What does time have to do with tape measures? When I compared time to a yardstick I was being analogous, not literal. Things can move, and we can measure them in terms we can understand, which to date are space and time. Time is not necessary to measure objects in space, unless you feel a need to record how long it took to measure lay out the tape measure. Time is necessary to measure velocity, of course, but again it is a measurement of the velocity, not a cause of it.
I'm not sure where you got that question from -- I've been saying from the get-go that movement exists, and did so before we invented time to track it. What am I missing here?
But even more essentially, how could anything move if there's no time? You seem to be conflating the measurement of time with time itself - like saying if there's nobody to measure the distance between two rocks then there is no distance between them.
Again, it isn't movement that requires time, it is our need to understand this movement that requires time. Things move, they always have, and they were doing so long before anyone noticed them moving. It was our need to lend order to that movement that led to the invention of time.
"Time was termed as a dimension, I personally think, because of its necessity in the math, even though it is not a force. And, since dimensions are really no more than definitions we attach to what we see in order to understand them, then yeah, I could see time easily considered a dimension."

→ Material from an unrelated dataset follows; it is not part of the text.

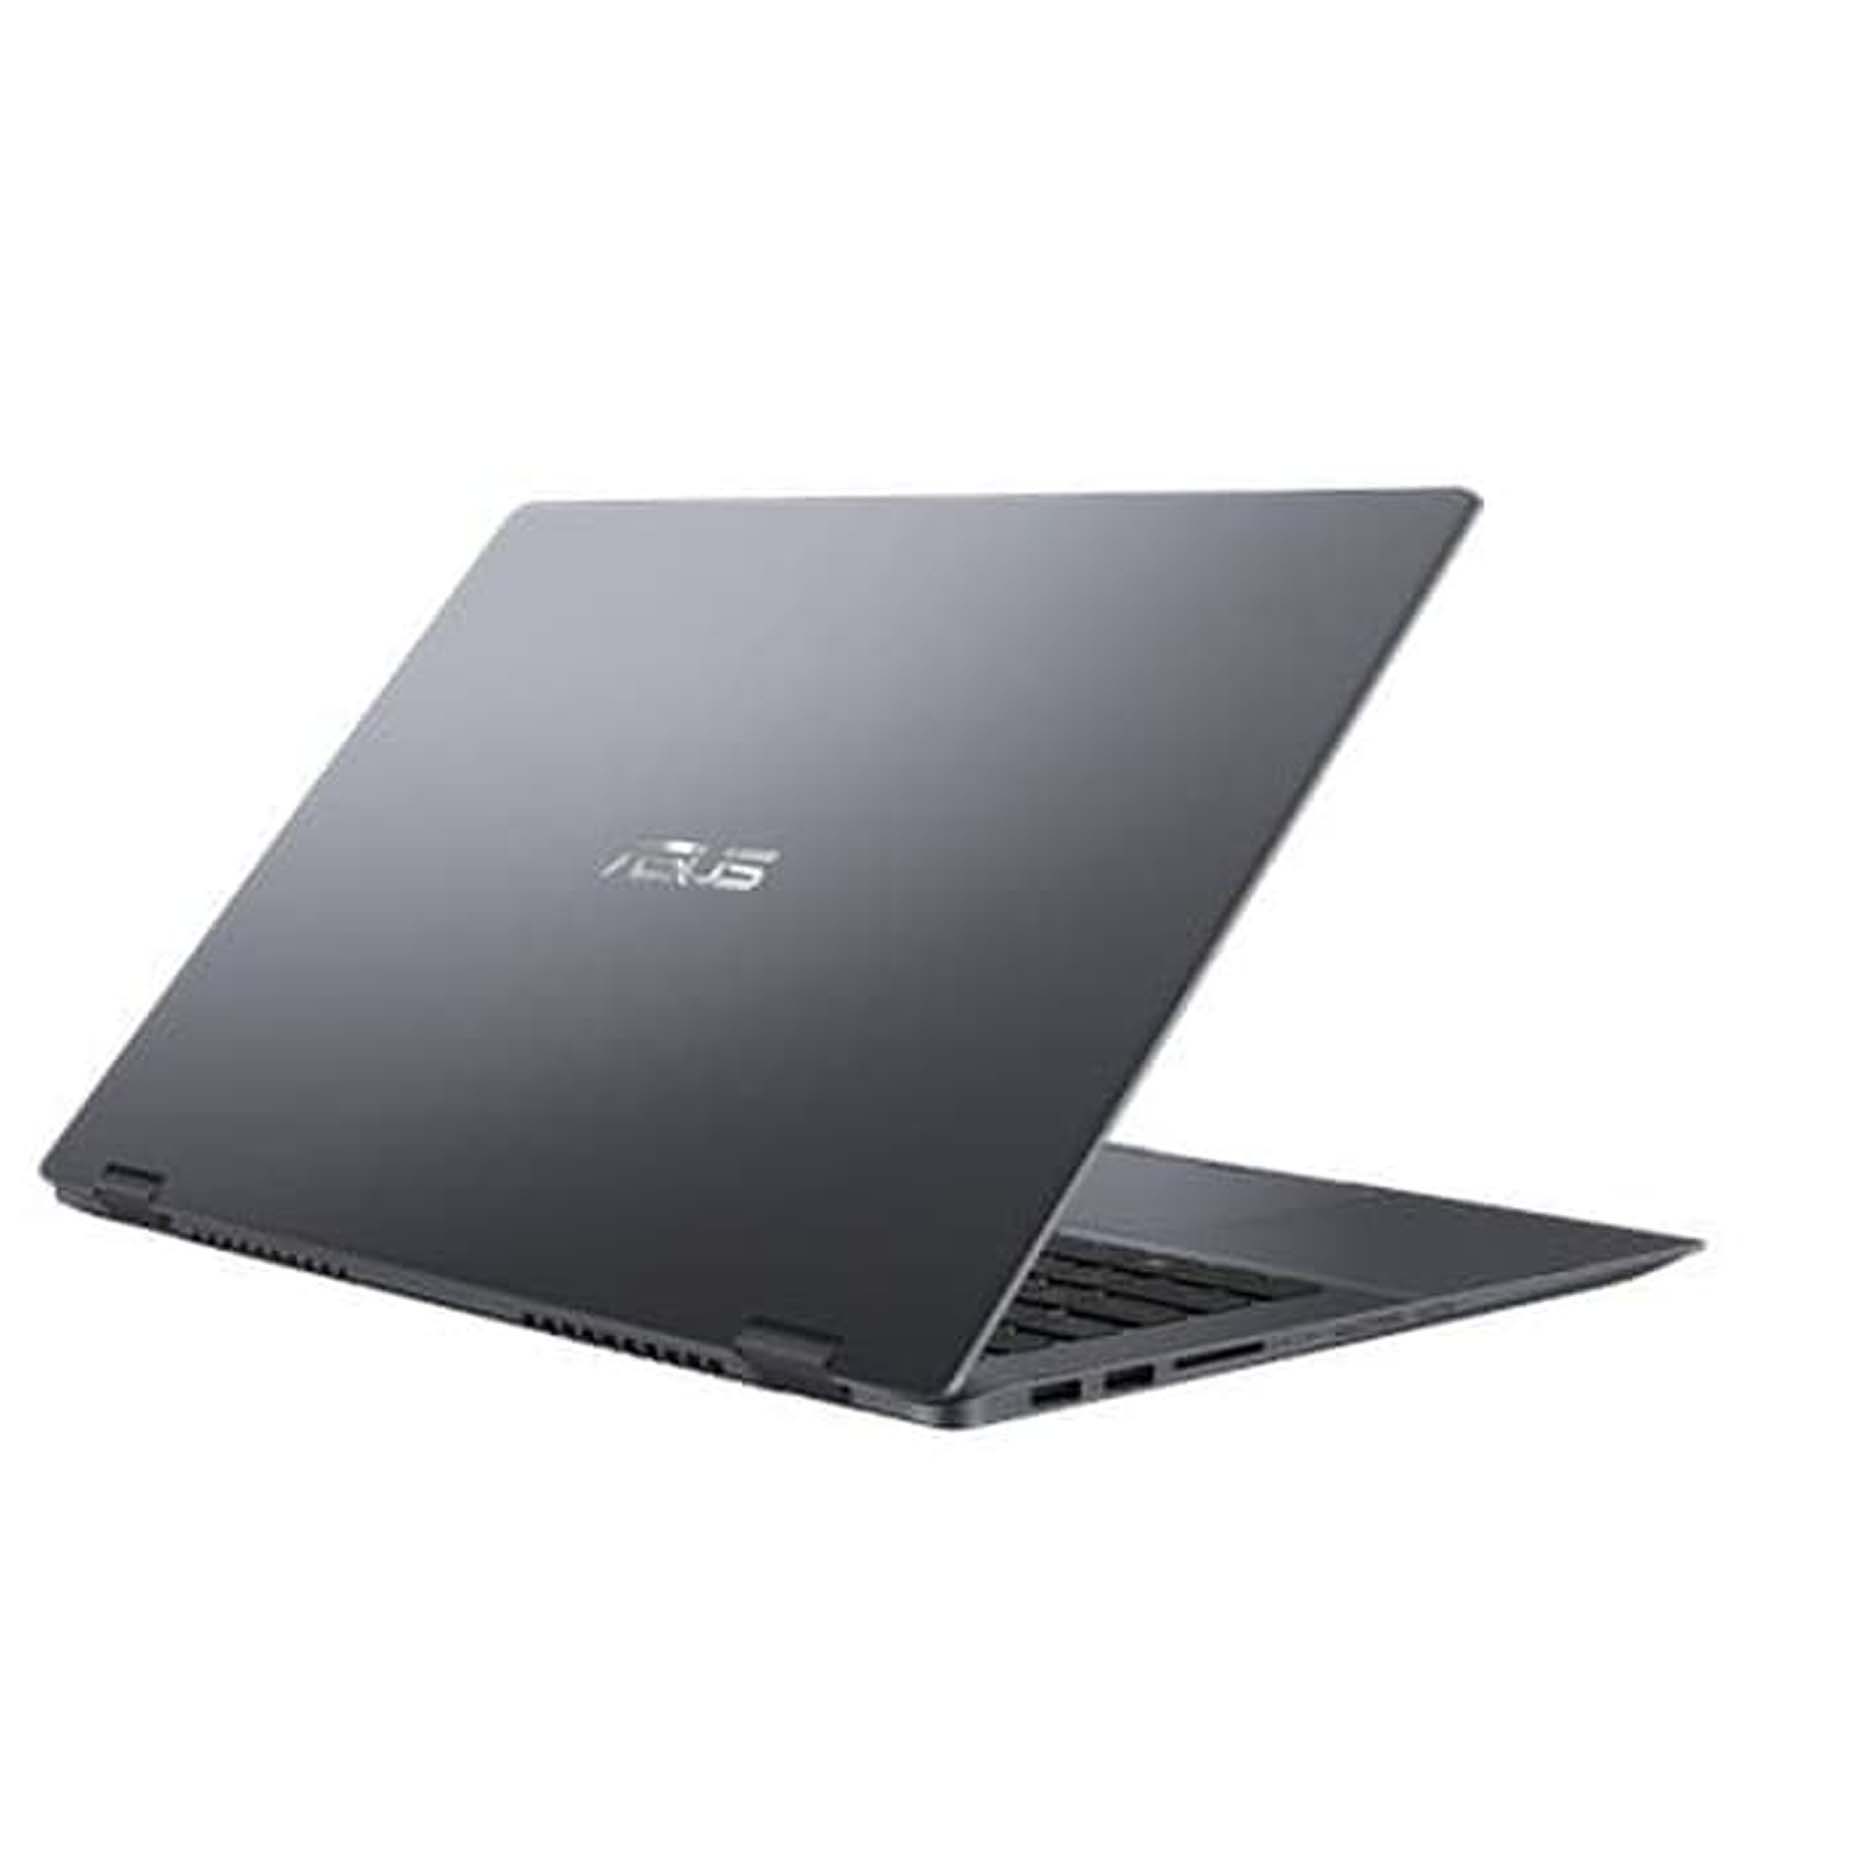 Harga Asus VivoBook Flip 14 TP412UA-EC501T Intel Core i5-8250U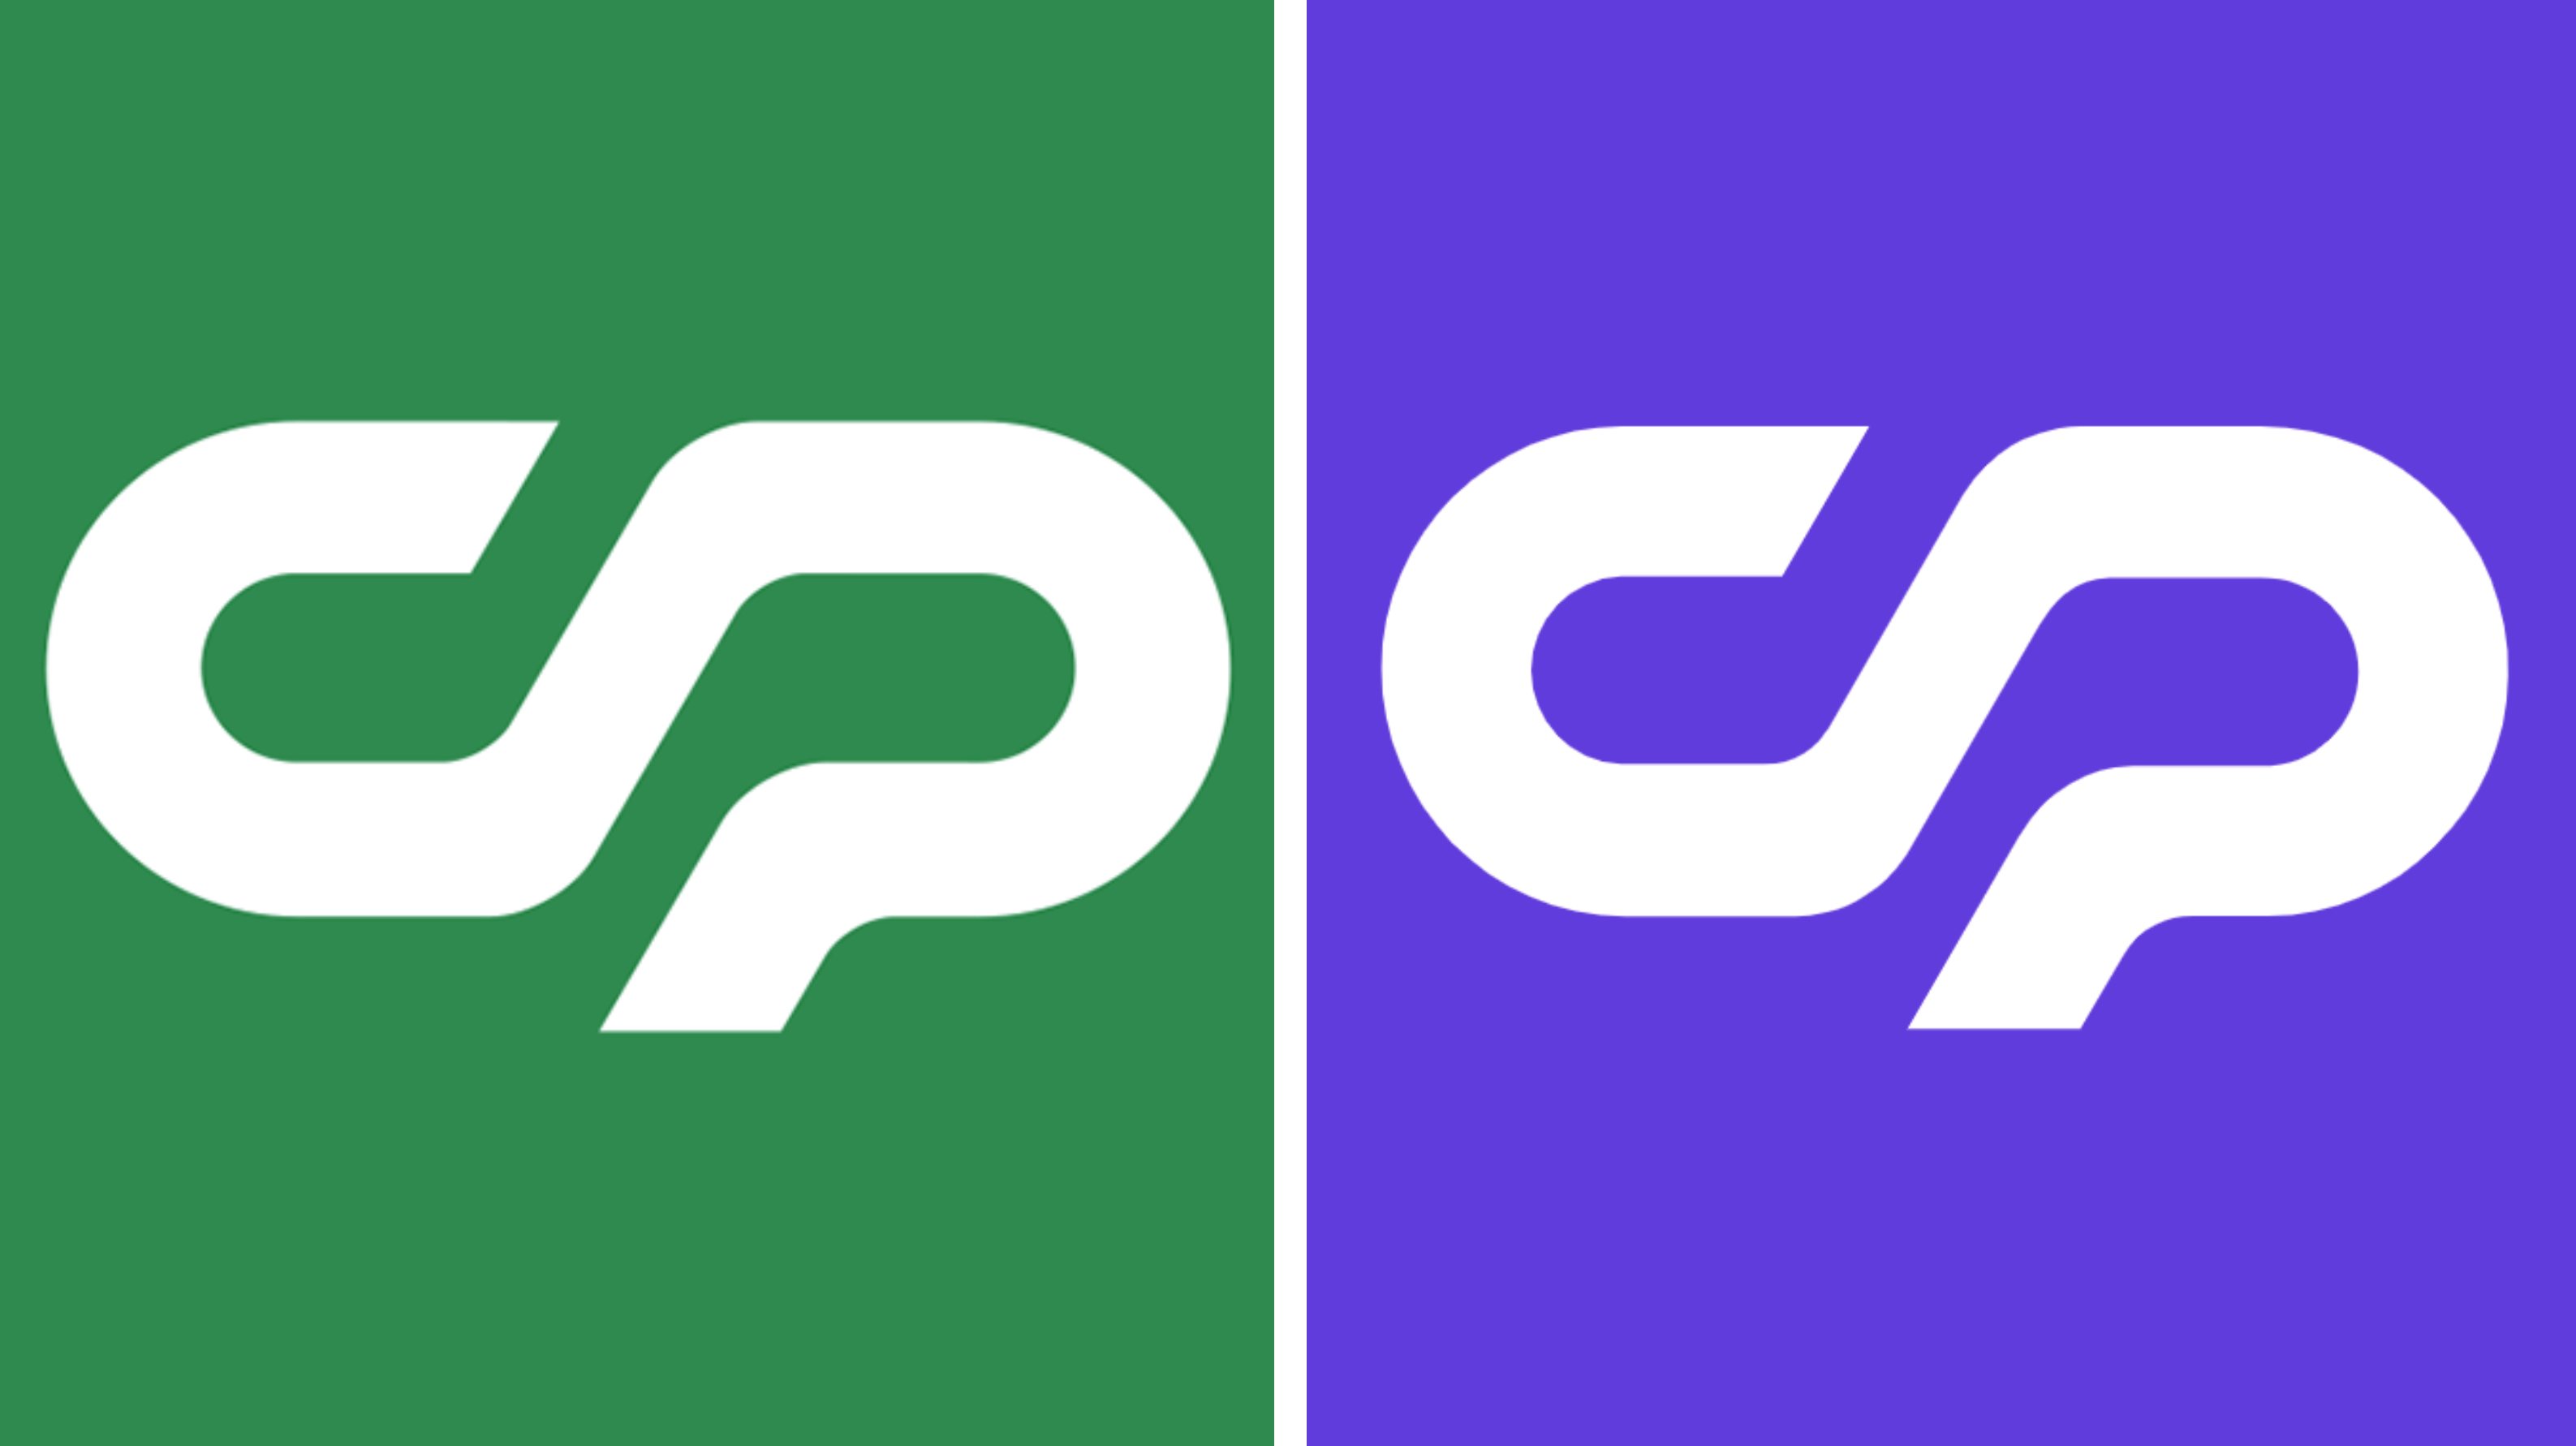 Só a cor mudou de uma marca para a outra: enquanto a CP utiliza o verde, a recém-formada Crypster utiliza um logótipo exatamente igual, mas roxo

Dimensions as you're using the term refers to the measurement of things - the first 3 are measures of physical properties of objects, the 4th (the measurement of motion) is necessary only because things move. But the measurement of something is not the thing itself. Two rocks do have distance between them whether we measure it or not, and yes, the terms we created as names for our measures are arbitrary, but the distance itself remains the same no matter whether we measure it in inches or centimeters. Unless of course they're moving, in which case we need to measure the rate of movement. The measuring is not the movement, the movement happens regardless.
What I'm clumsily trying to say is that the measurement of dimensions is a measurement of actual properties, so even though in one sense dimensions are only abstract concepts, they refer to very real properties that have real effects. Including the dimension of time.
Example: You're standing in the highway and an object is moving toward you. Is it dangerous? In order to determine that, you need to take relative measurements of its dimensions - is the object a flea or a bus? The dimensions are vitally important. Including the rate of the object's movement. If it's a bus and it's hurtling toward you at 60 mph, I believe your reaction would betray that you believe time is very very real and that you need to make expedient use of it.
I'm fine with all this, except one thing: Why are you equating movement with time, rather than the result of forces acting on physical objects? Why isn't time the measuring tool for movement, just as a ruler is the measuring tool for size, or a scale for weight? I don't understand why it gets elevated to a natural force or true physical dimension when it does exactly what a ruler does, except on moving rather than stationary objects. What am I missing?